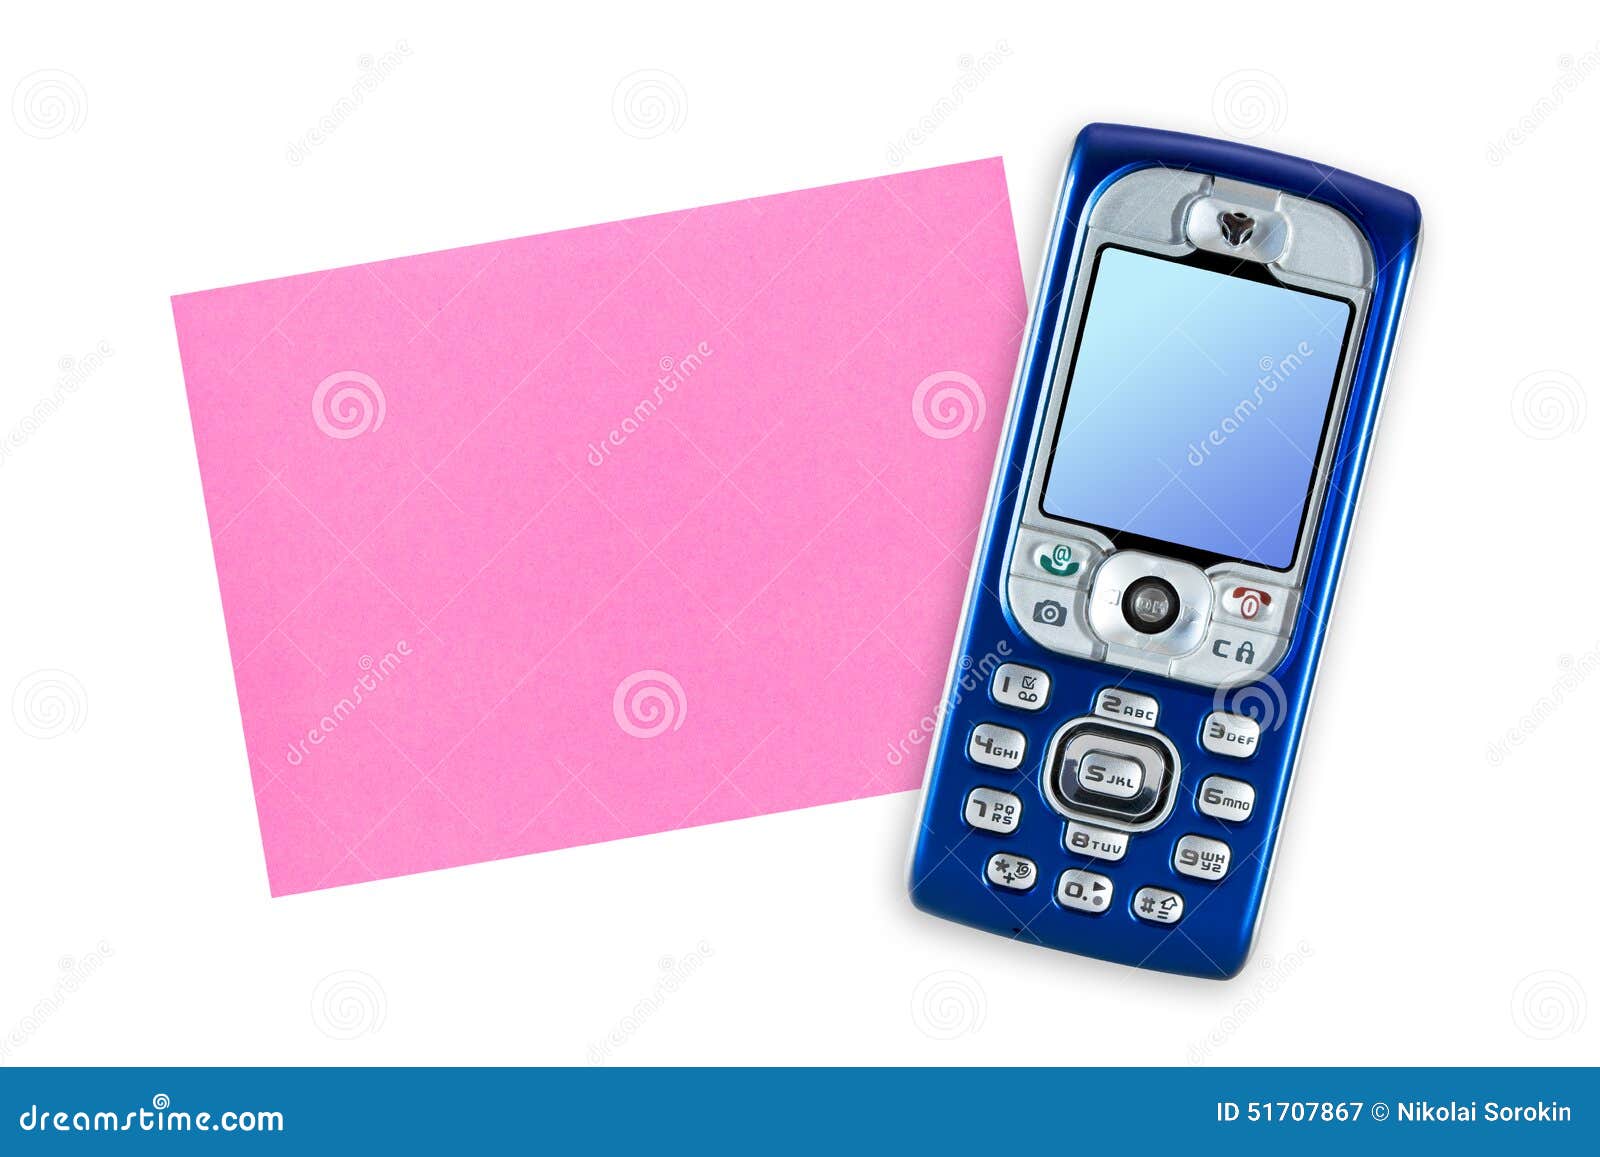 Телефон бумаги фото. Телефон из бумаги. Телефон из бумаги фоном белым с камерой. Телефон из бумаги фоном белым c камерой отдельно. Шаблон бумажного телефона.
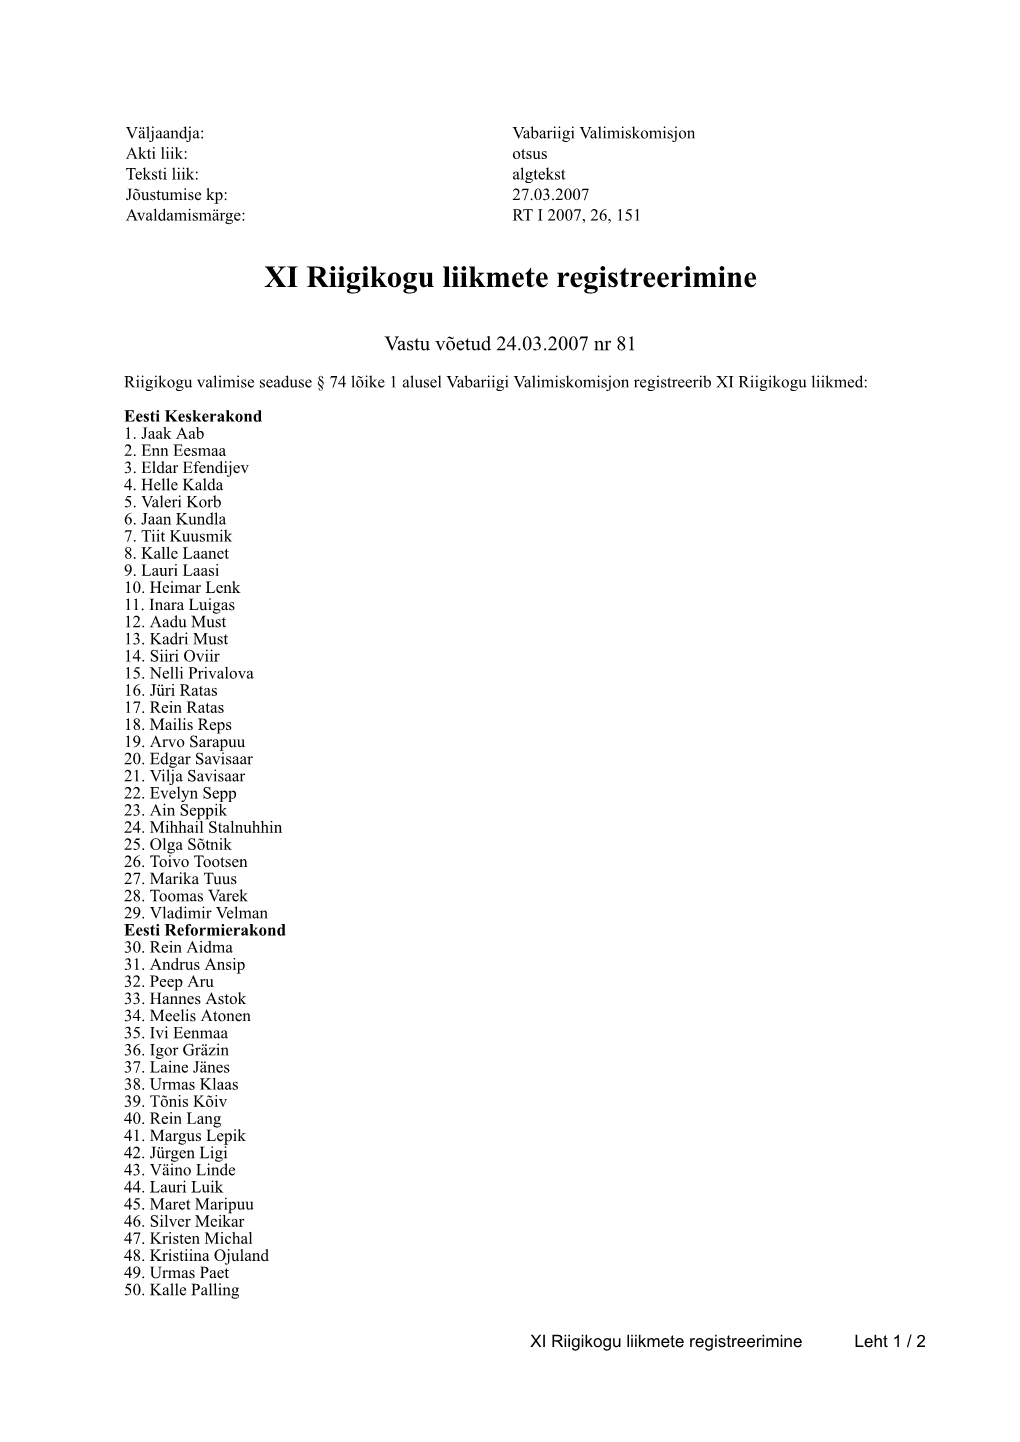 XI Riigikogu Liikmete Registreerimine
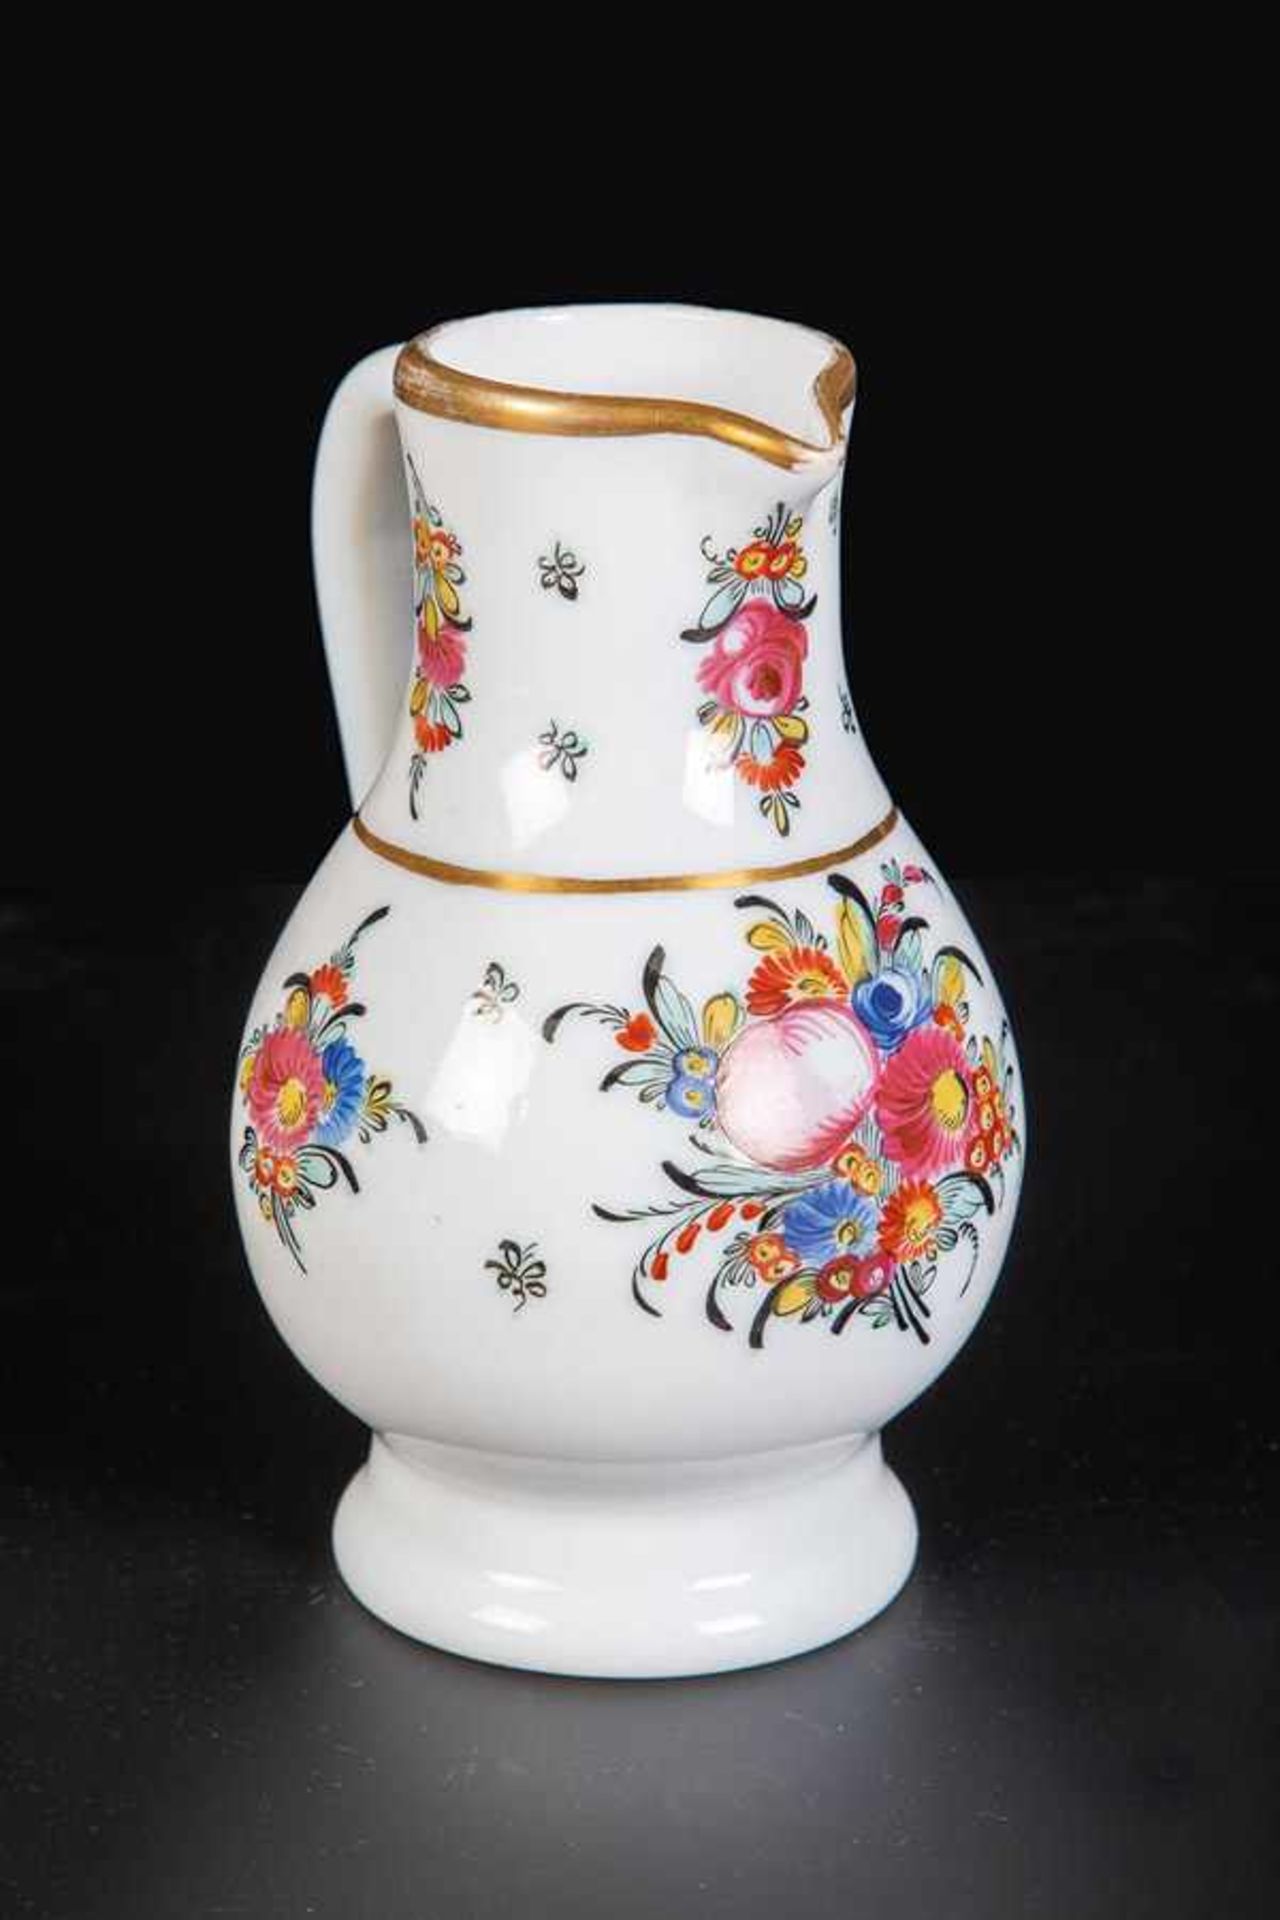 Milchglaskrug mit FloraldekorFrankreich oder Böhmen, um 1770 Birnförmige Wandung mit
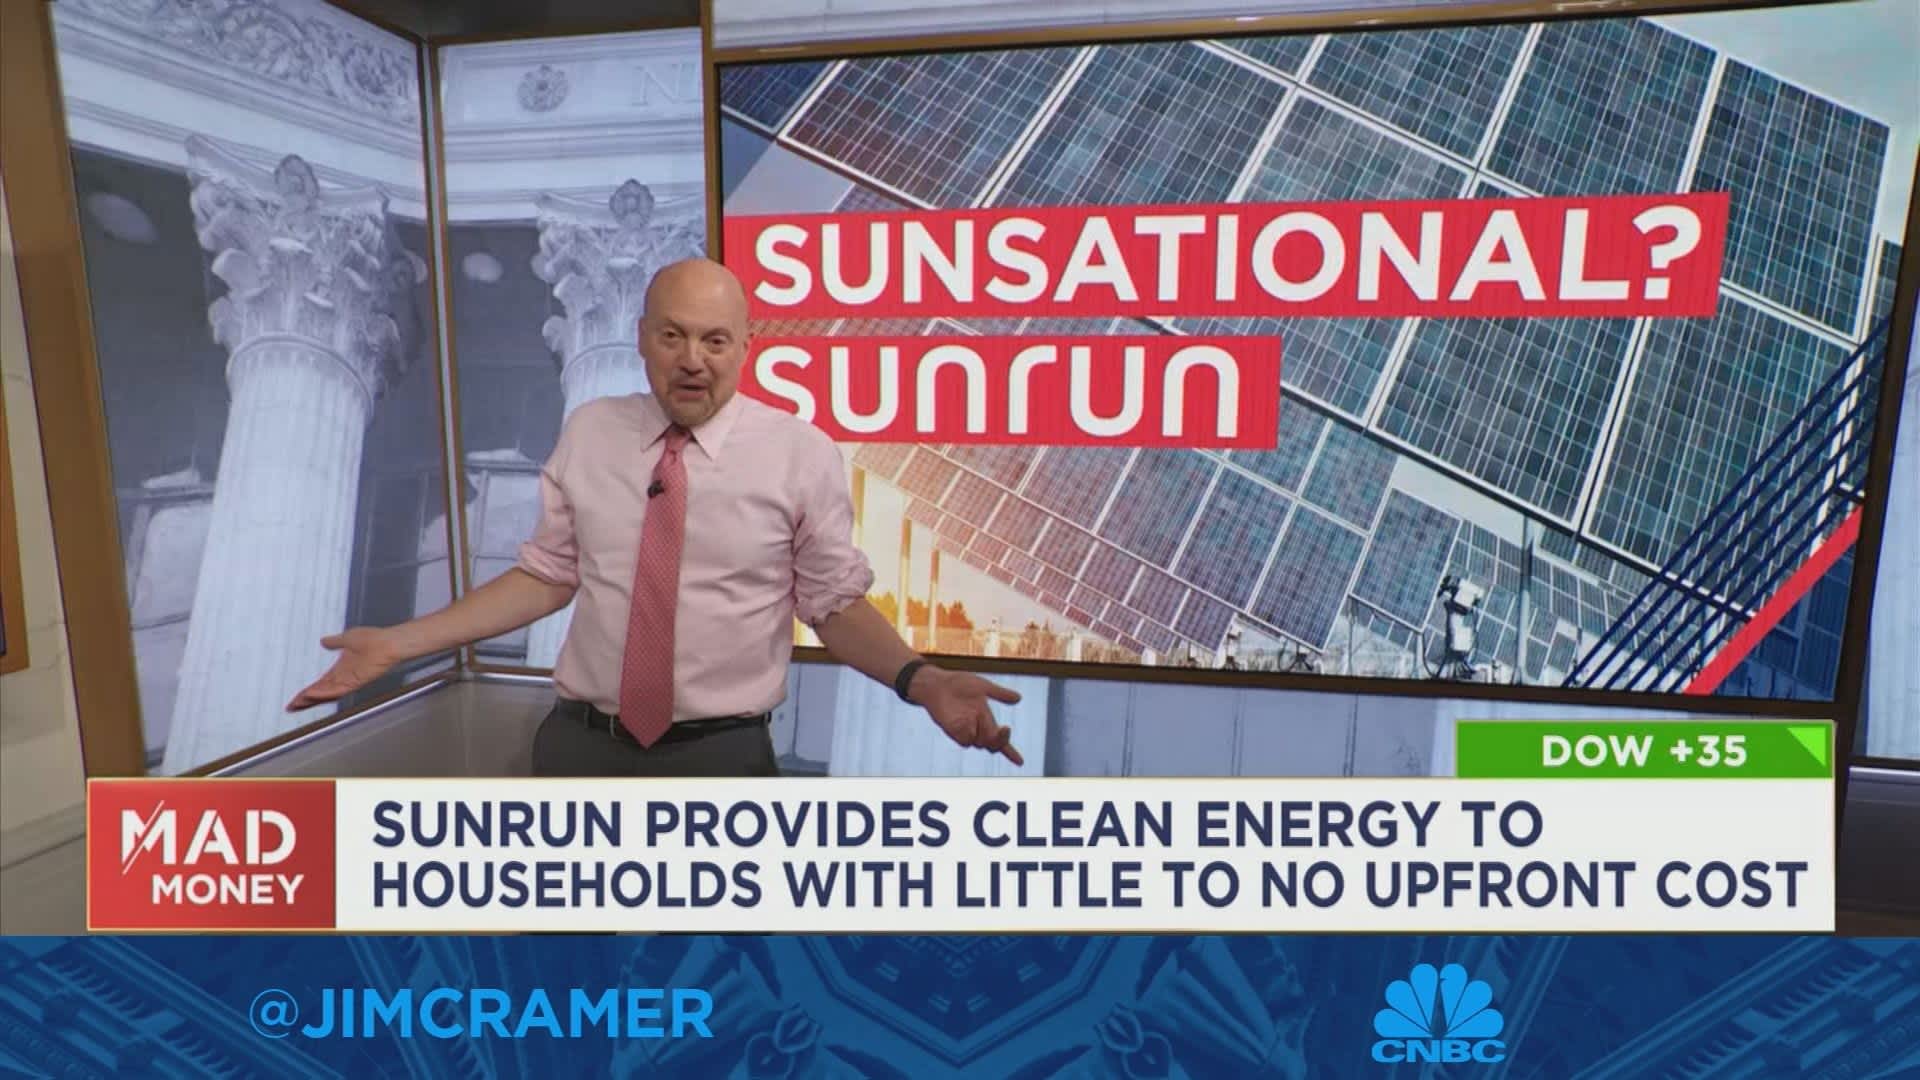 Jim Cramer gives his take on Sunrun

-- -- --

**Instructions for the task:**
Would you write out exactly the lines of the data from the one holding "XI Riigikogu Liikmete Registreerimine" to the final line, both included, with pictures left out?

**Expected answer:**
 XI Riigikogu Liikmete Registreerimine
 Milchglaskrug mit FloraldekorFrankreich oder Böhmen, um 1770 Birnförmige Wandung mit
 Jim Cramer gives his take on Sunrun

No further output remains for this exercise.